What is being asked →
Reproduce the lines of the material exactly, excluding every image.

Raw data →
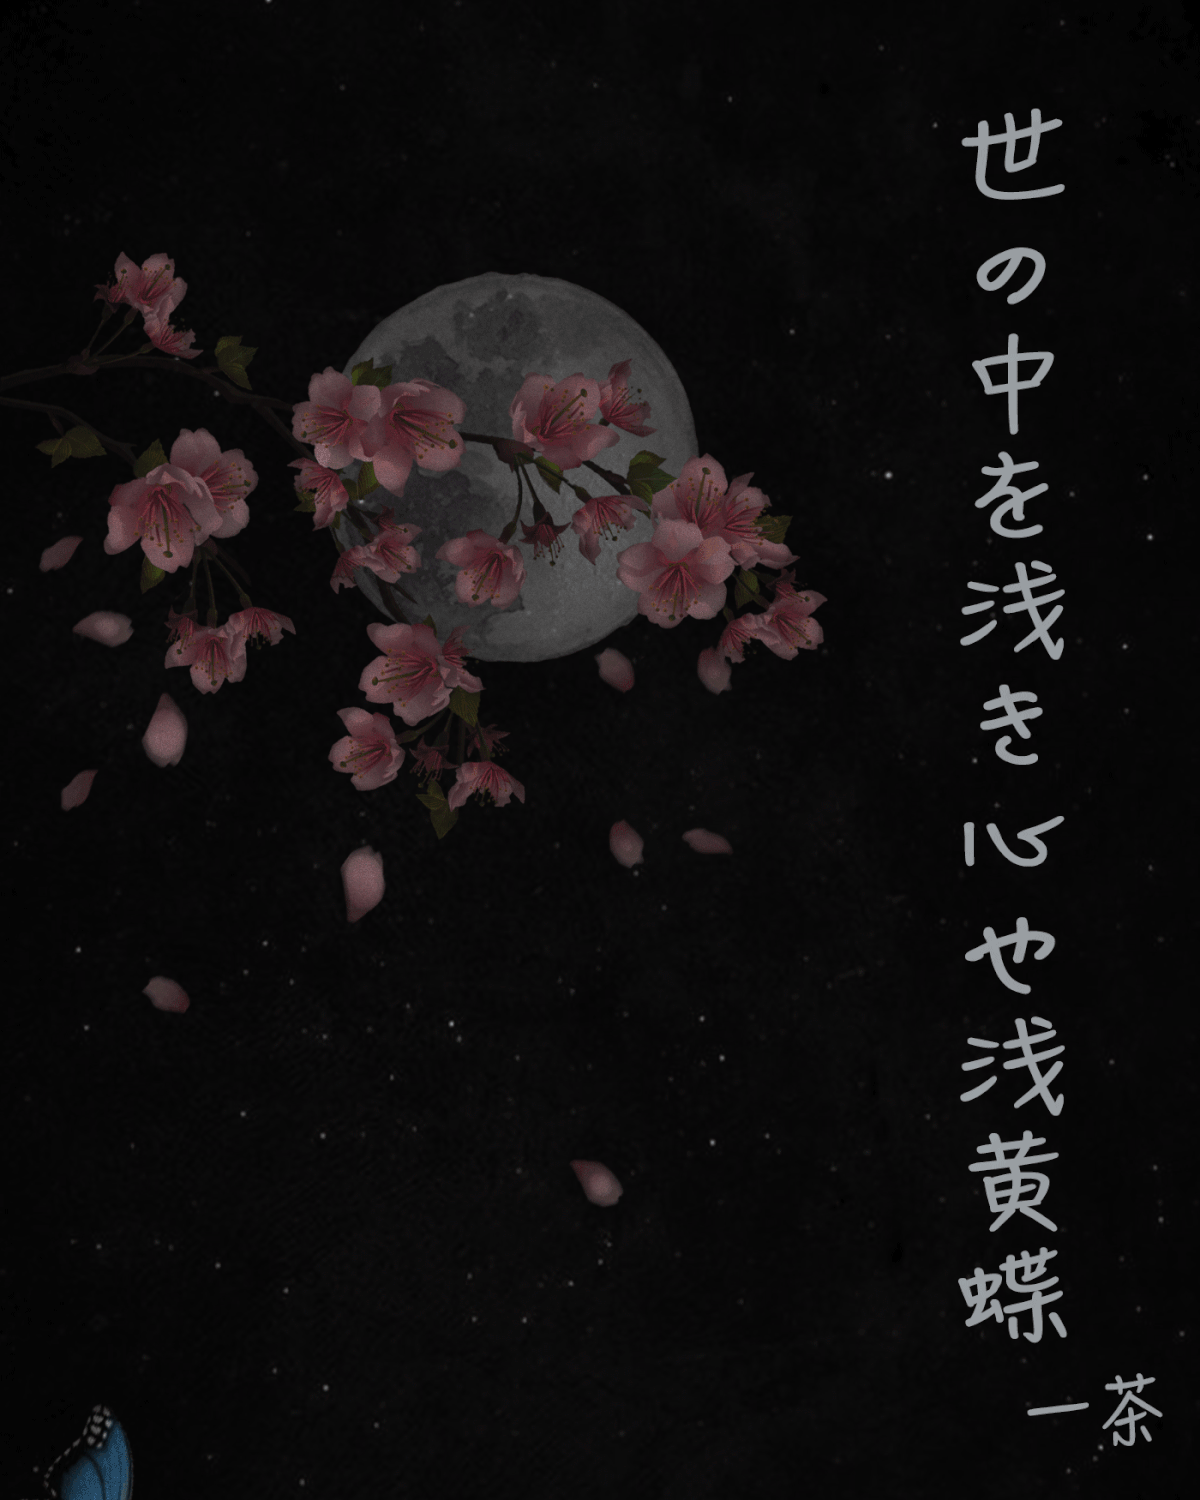 Haiku japanese haikus poster Poster Design dark fantasy night Nature
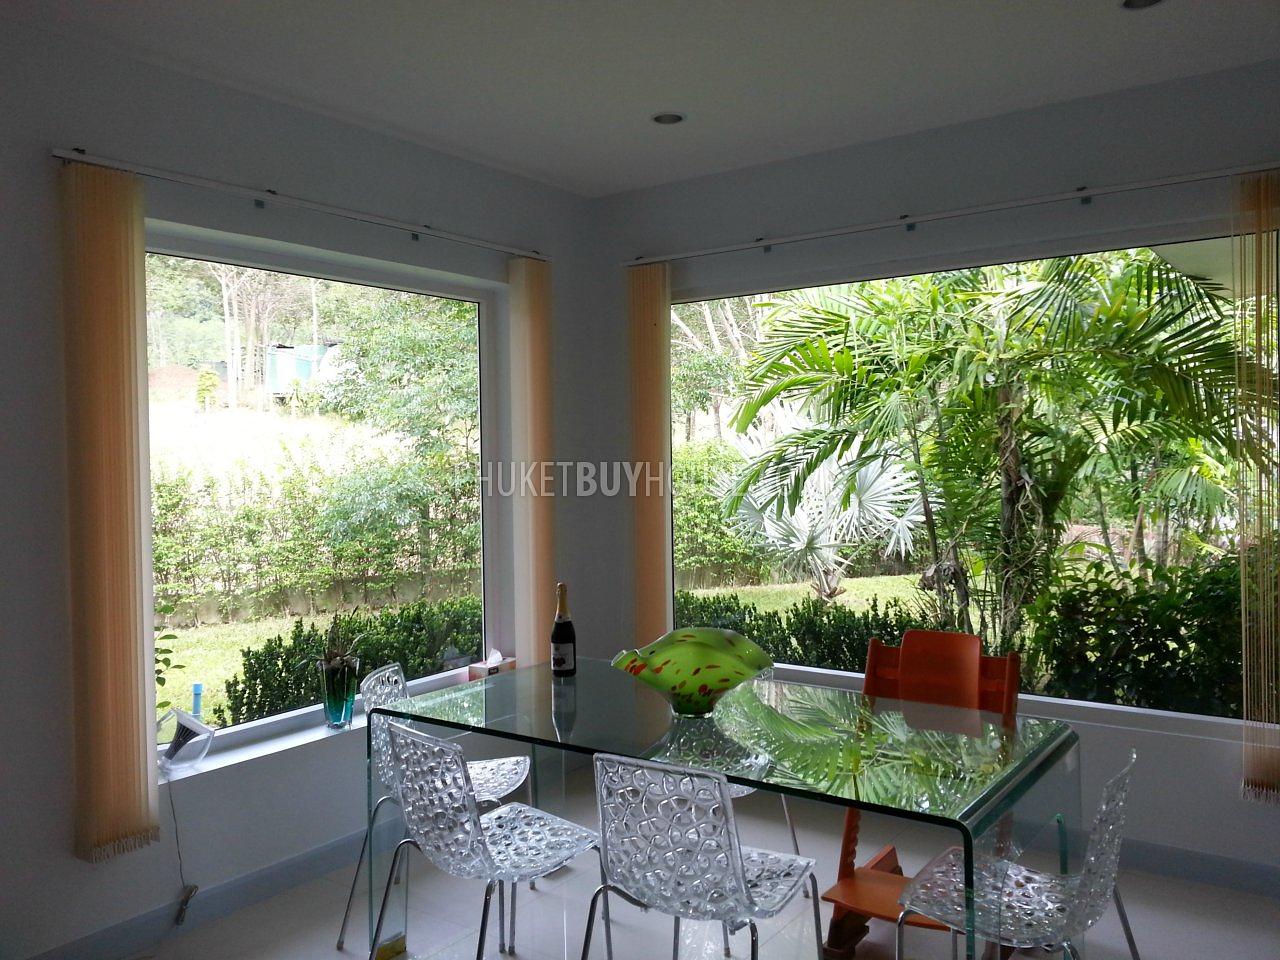 EAS3910: Hot! 4-bedroom modern pool villa on a 1 rai land plot near PIADS (UWC). Urgent sale!. Photo #15
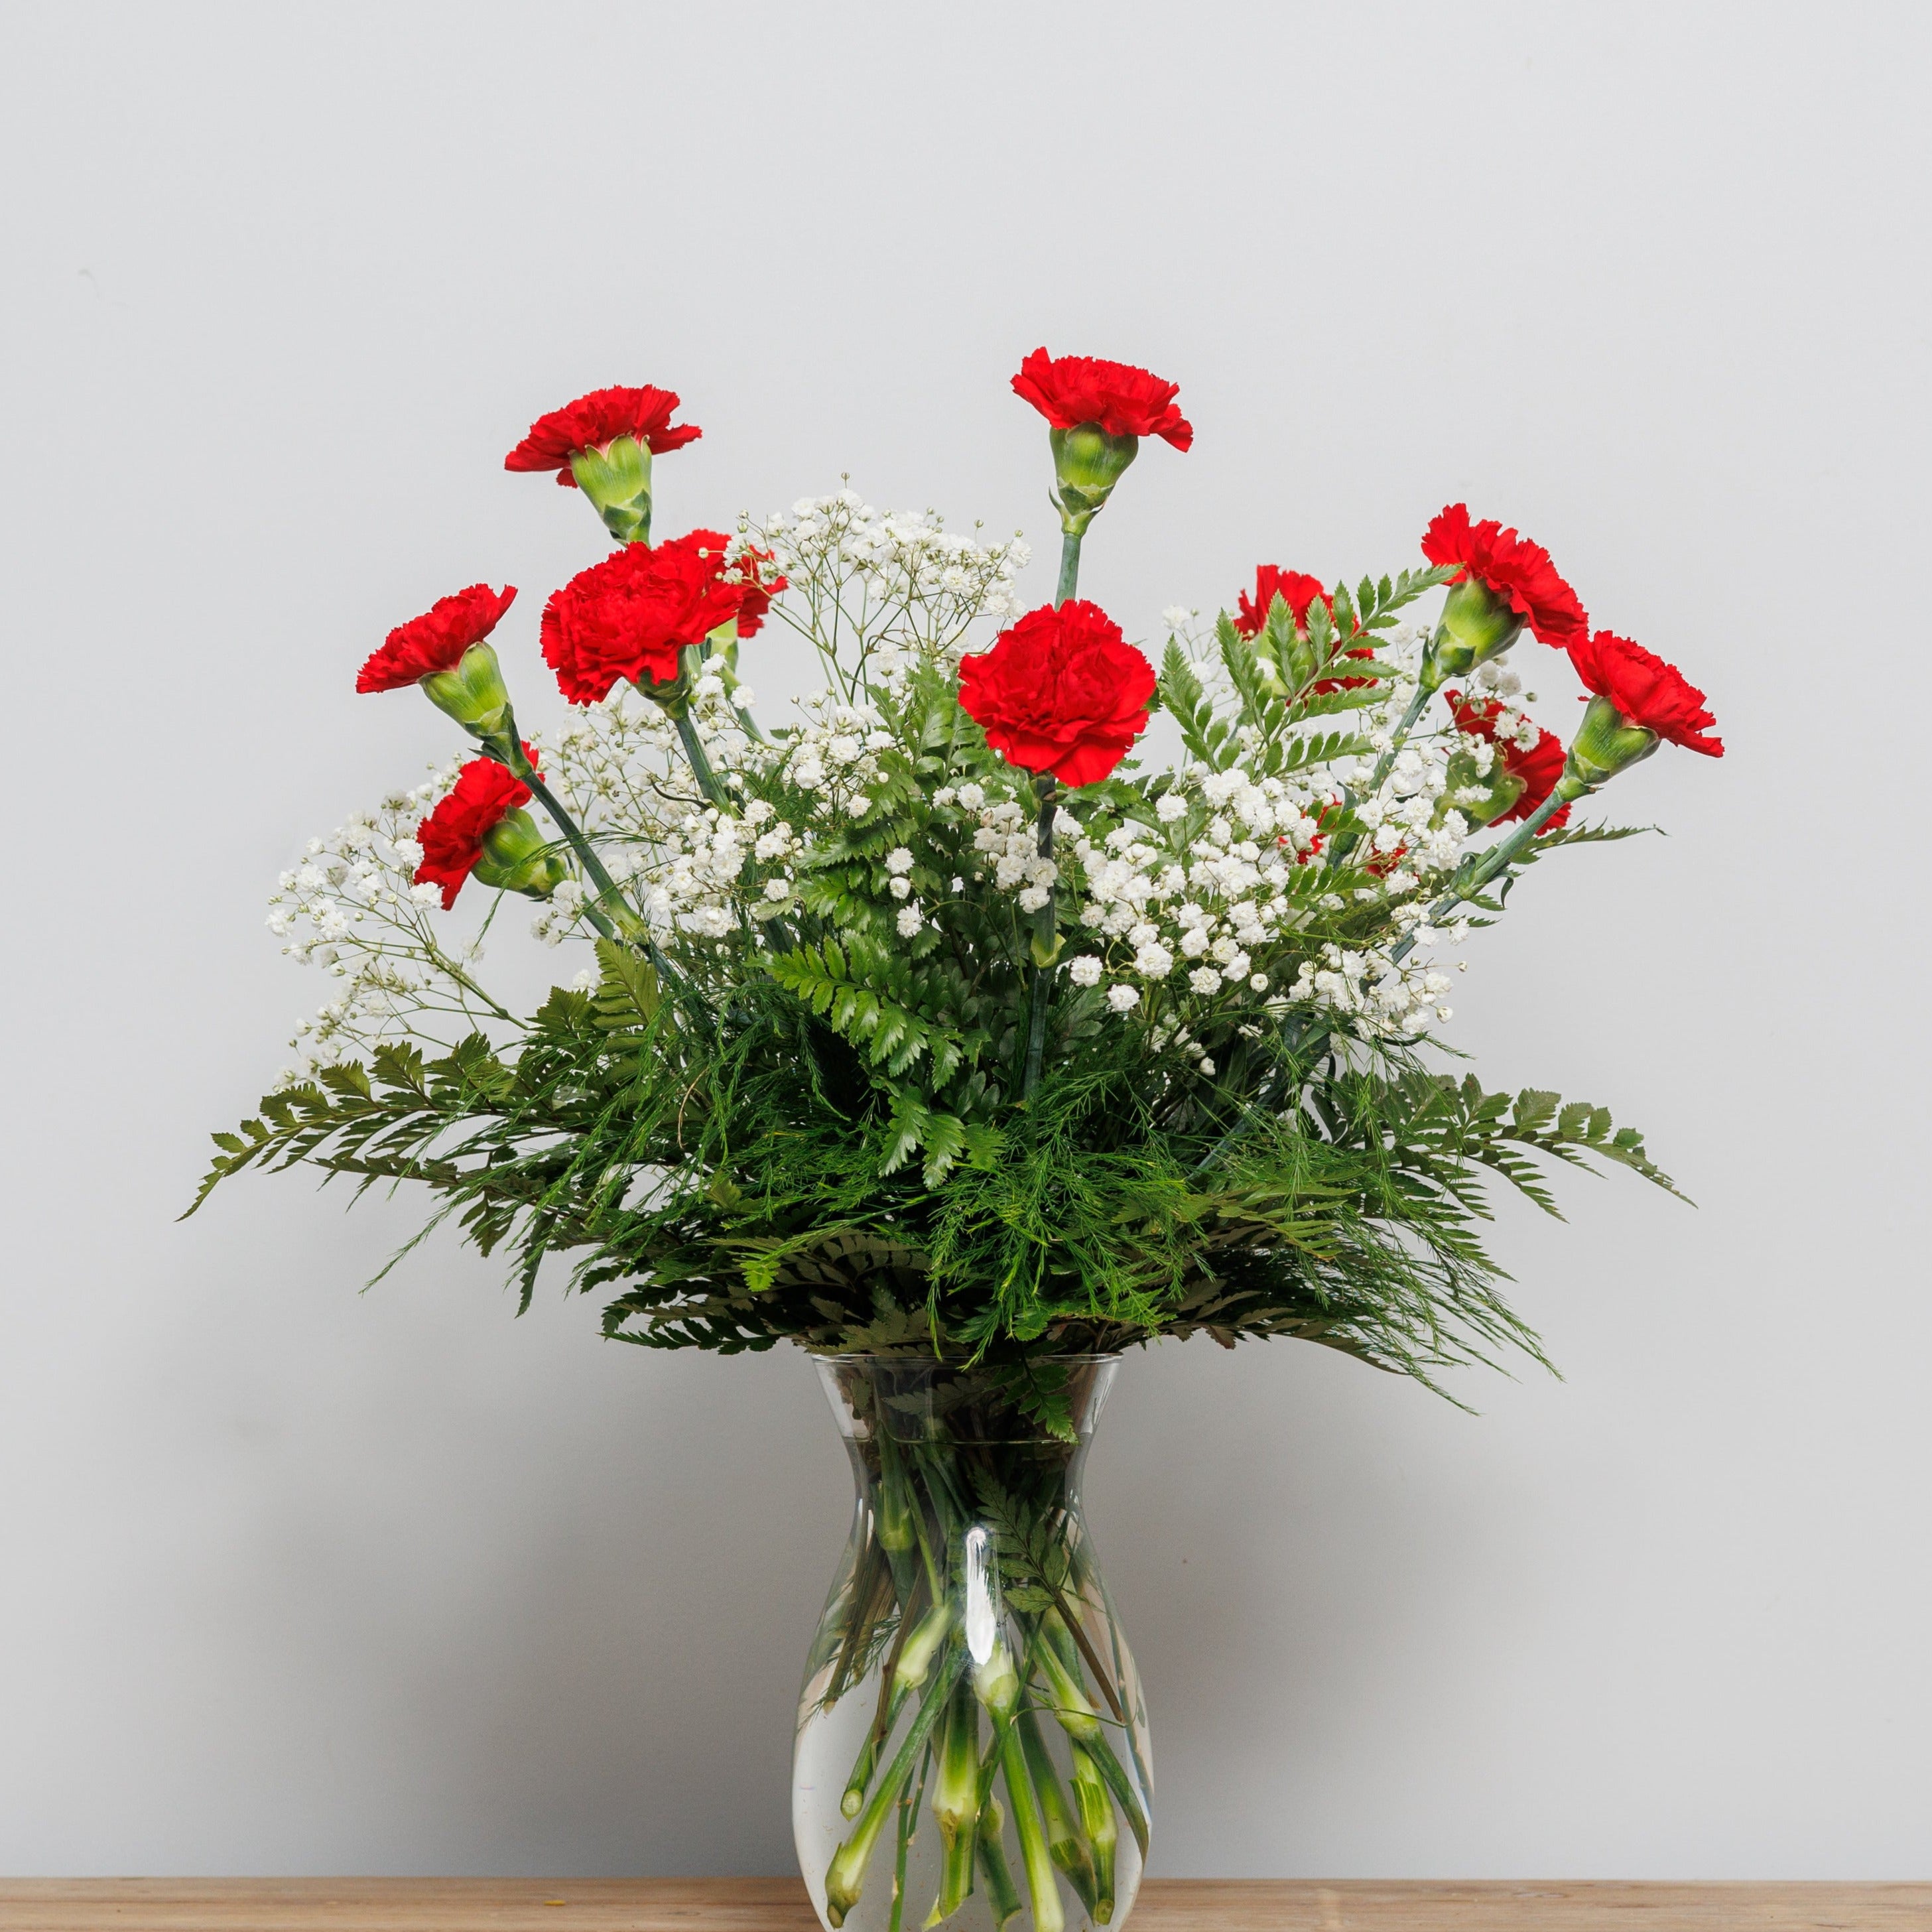 A vase arrangement with a dozen red carnations

Exercise result →
 Haiku japanese haikus poster Poster Design dark fantasy night Nature
 EAS3910: Hot! 4-bedroom modern pool villa on a 1 rai land plot near PIADS (UWC). Urgent sale!. Photo #15
 A vase arrangement with a dozen red carnations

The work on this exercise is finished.